As one example, Shawna testified that Ryan and Sarah were not “progressing” in their educational and emotional development because Tim did little or nothing to contribute to their “intellectual progress” by playing games with them or by reading to them. Shawna also testified that she was not “allowed to go to church” while she was married to Tim, and that Tim’s attitude about his children attending church and developing educationally has “remained the same” as before the divorce. Dr. Patterson, a licensed psychologist, opined that one of Shawna’s strengths was “her understanding of the developmental needs of her children.” Under NDRCivP 52(a), we should give due regard “to the opportunity of the trial court to judge the credibility of the witnesses.”
The majority, in n. 3, discounts the trial court’s finding that “for whatever reason, the father has treated the children unequally solely because of their sex difference.” The majority reweighs evidence of one illustrative incident and rejects the finding. In view of other similar evidence about Tim’s “controlling” attitude towards women and his children, continuing an attitude that contributed to his separation from Shawna, I think it is wrong for us to reweigh this evidence.
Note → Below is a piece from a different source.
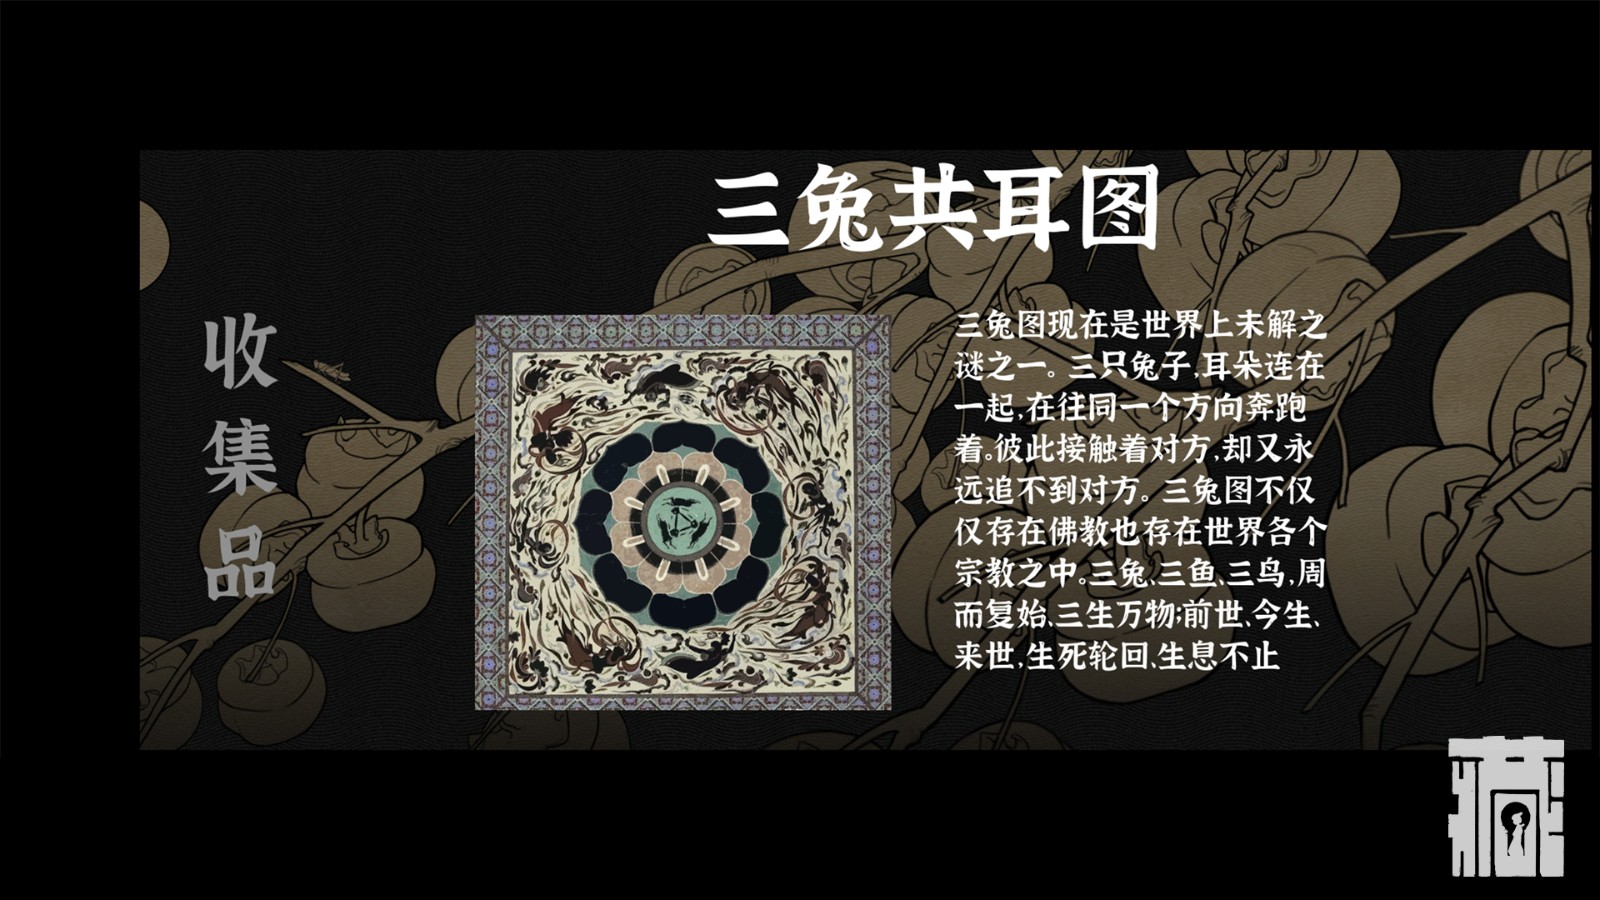 B站游戏大赏：历史文化题材3D冒险解谜《藏梦》中文预告 支持简体中文

The majority says that custody should not be changed because their mother “may be able to give them moderately better surroundings.” While I agree with that principle, as I did in authoring Orke v. Olson, 411 N.W.2d 97 (N.D.1987), I do not agree that this is such a case. Rather, as in Von Bank and Ebertz, these children are not progressing satisfactorily, and the trial court found that they were adversely affected. While Timothy has been doing “reasonably well,” as the majority observes, in bathing, feeding, and clothing his children, his “rearing and nurturing” has flagged. The trial court found his efforts deficient. So should we.
For these reasons, I would affirm the trial court’s change of custody.